Lipi-Deep Red

This plan only provides a guide, please modify it to meet your specific needs.

1. Preparation of Staining Solution

(1) Stock solution: Balance at room temperature for at least 10 minutes, briefly centrifuge, and dissolve Lipi-Deep Red in DMSO to prepare a 0.1 mM stock solution. After preparation, aliquot the stock solution and store it at -20℃ away from light for up to one month.

(2) Working solution: Dilute the stock solution with an appropriate buffer (such as serum-free medium, HBSS or PBS) to prepare a working solution of Lipi-Deep Red at a concentration of 0.1 - 0.5 μM.

Note:

① The working solution should be freshly prepared and used immediately.

② Serum-containing medium can also be used instead of serum-free medium.

③ For the best staining results, it is recommended to determine the optimal probe concentration and staining time based on the actual cell conditions during the initial experiment.

2. Cell suspension staining (taking 6-well plate as an example)

(1) Centrifuge suspended cells at 1000g for 3-5 minutes. Discard the supernatant and wash twice with PBS for 5 minutes each time.

(2) Wash the adherent cells twice with PBS, add trypsin to digest the cells, and centrifuge at 1000g for 3-5 minutes after digestion is completed.

(3) Add 1 mL of dye working solution to resuspend the cells, and incubate at 37℃ in the dark for 30-45minutes. The optimal culture time for different cells is different.

(4) After the incubation, centrifuge at 1000g for 5 minutes, remove the supernatant, and add PBS to wash 2-3 times, 5 minutes each time.

(5) Use serum-free cell culture medium or PBS to resuspend the cells and observe them through fluorescence microscopy or flow cytometry.

3. Cell adhesion staining

(1) Culture adherent cells on sterile coverslips.

(2) Remove the coverslip from the culture medium, aspirate the excess culture medium, and place the coverslip in a humid environment.

(3) Add 100 μL of dye working solution from one corner of the coverslip, shake gently to evenly cover all cells with the dye, and incubate at 37℃ in the dark for 30-45 minutes.

(4) Aspirate away the dye working solution and use culture solution to wash the coverslip 2 to 3 times for 5 minutes each time.

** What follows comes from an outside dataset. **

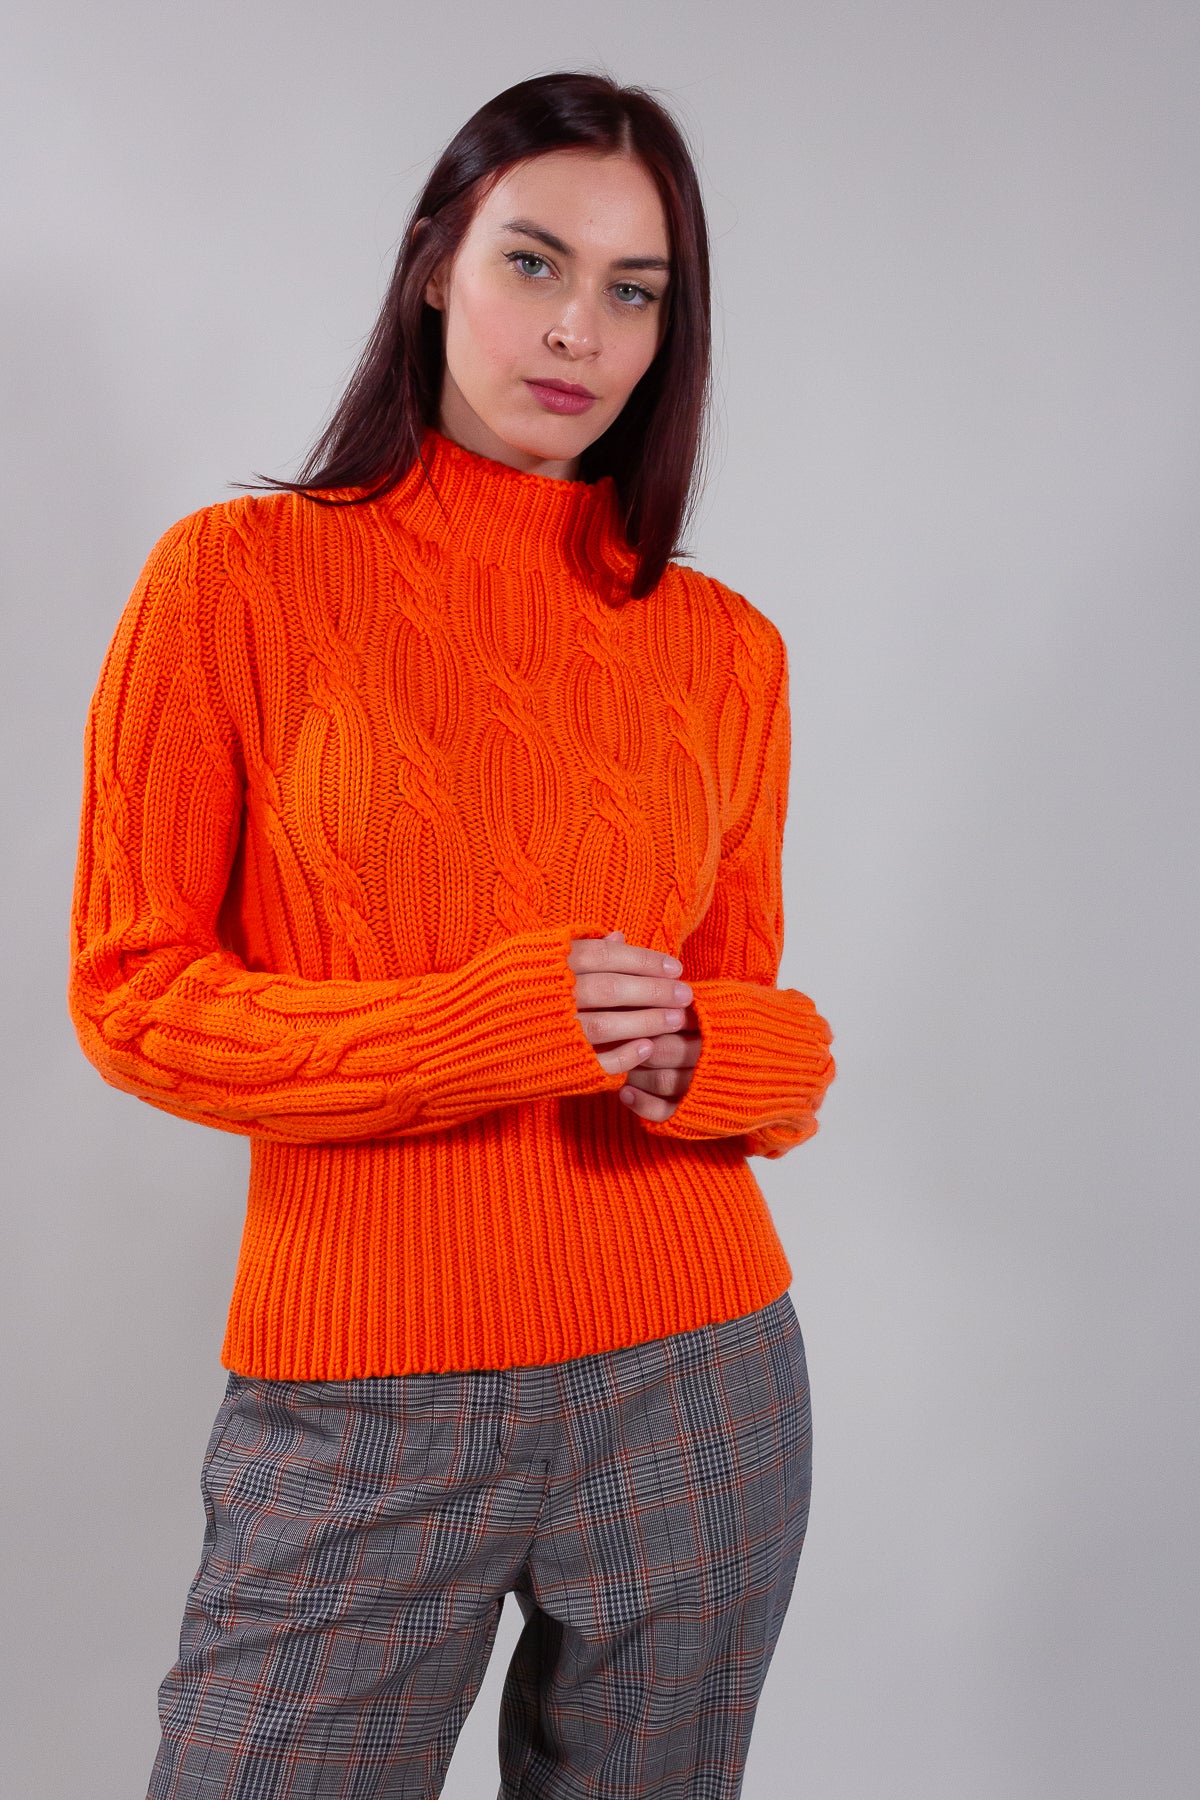 PURE WOOL CABLE TURTLENECK SWEATER
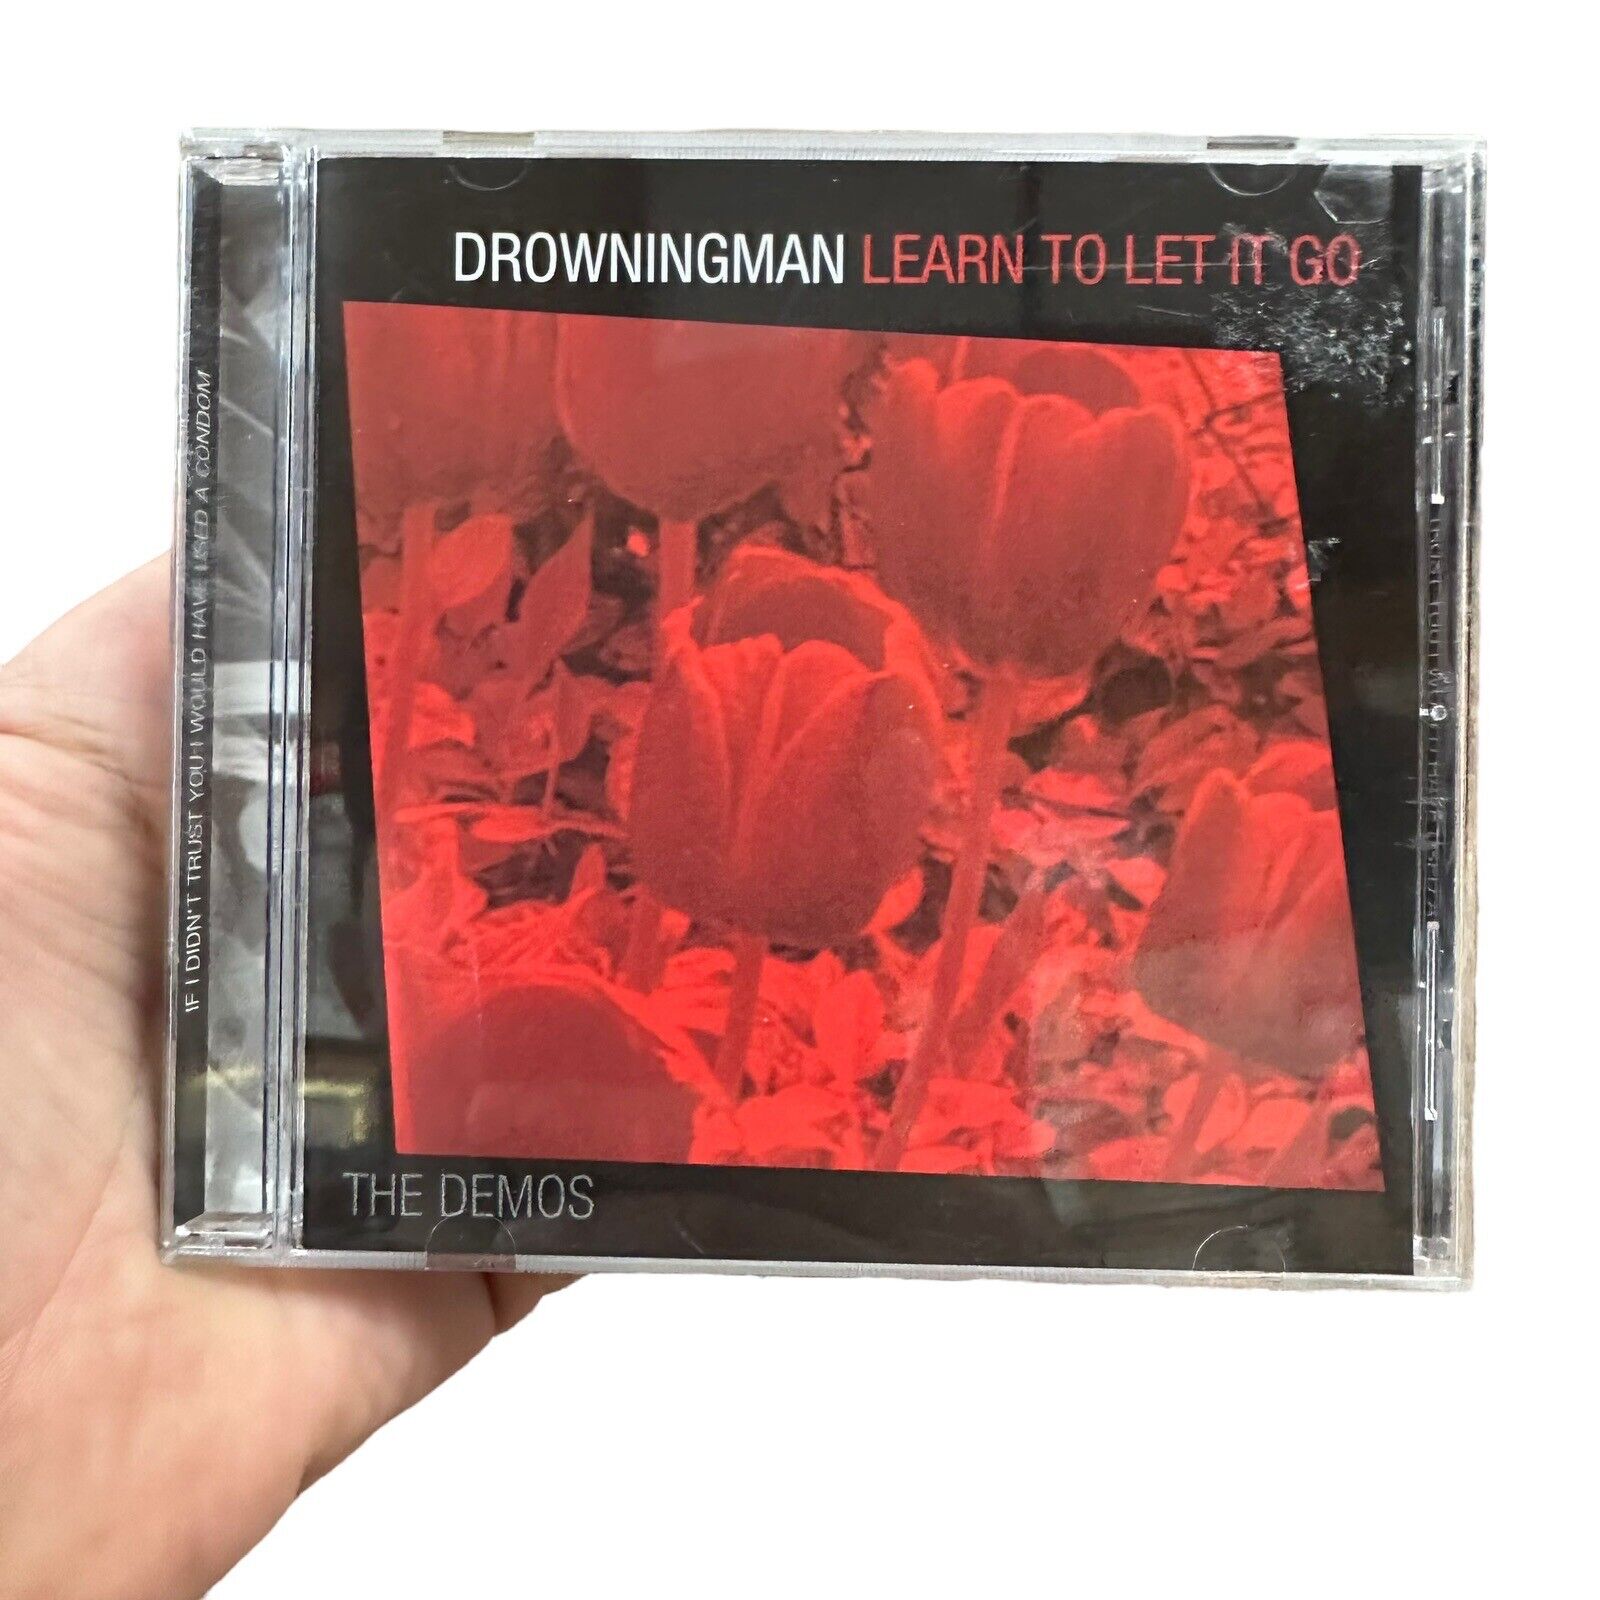 DROWNINGMAN: LEARN TO LET IT GO: THE DEMOS [CD] 2004 Law Of Inertia

4. Observe using a fluorescence microscope or flow cytometer. Lipi-Deep Red has a maximum excitation/emission wavelength of 640/650-700 nm.

Note: If no fluorescence signal is observed, please try the following methods:

(1) Some cells have small lipid droplets. If it is difficult to confirm, it is recommended to increase the magnification of the fluorescence microscope.

(2) Extend the staining time to 1-2 hours.

(3) Increase the working solution concentration (increase the Lipi-Deep Red working solution concentration to 1 μM).

(4) You can add 200 μM oleic acid (cat. No. GC49917) to the cells and culture overnight as a positive control for observation and evaluation.

5. Staining steps for fixed cells:

It is recommended to fix cells with paraformaldehyde (PFA). Fixing cells with alcohols such as methanol is not recommended as it may affect the structure of lipid droplets. For some cell types, if there is no staining or insufficient staining intensity during the staining process, the optimal fixation conditions need to be explored.

(1) Example of staining after cell fixation (using HepG2 cells as an example)

a. Seed HepG2 cells in a Slide 8-well plate and incubate overnight in a 37℃ 5% CO₂ incubator.

b. Remove the culture medium and wash twice with PBS.

c. Add Lipi working solution prepared in PBS to the cells and incubate in a 37℃ incubator for 15 minutes.

d. Remove the supernatant and wash twice with PBS.

e. Add 4% PFA (in PBS) and fix at room temperature for 5 minutes.

f. Remove the supernatant, wash with PBS, and observe under a fluorescence microscope.

(2) Example of staining before cell fixation (using HeLa cells as an example)

a. Seed HeLa cells in a Slide 8-well plate and incubate overnight in a 37℃ 5% CO₂ incubator.

b. Remove the culture medium and wash twice with PBS.

c. Add 4% PFA (in PBS) and fix at room temperature for 5 minutes.

d. Remove the supernatant and wash twice with PBS.

e. Add Lipi working solution prepared in PBS to the cells and incubate in a 37℃ incubator for 30 minutes.

f. Remove the supernatant, wash with PBS, and observe under a fluorescence microscope.

Precautions:

1) Fluorescent dyes all have quenching problems. Please avoid light as much as possible to slow down fluorescence quenching.

2) For your safety and health, please wear a lab coat and disposable gloves.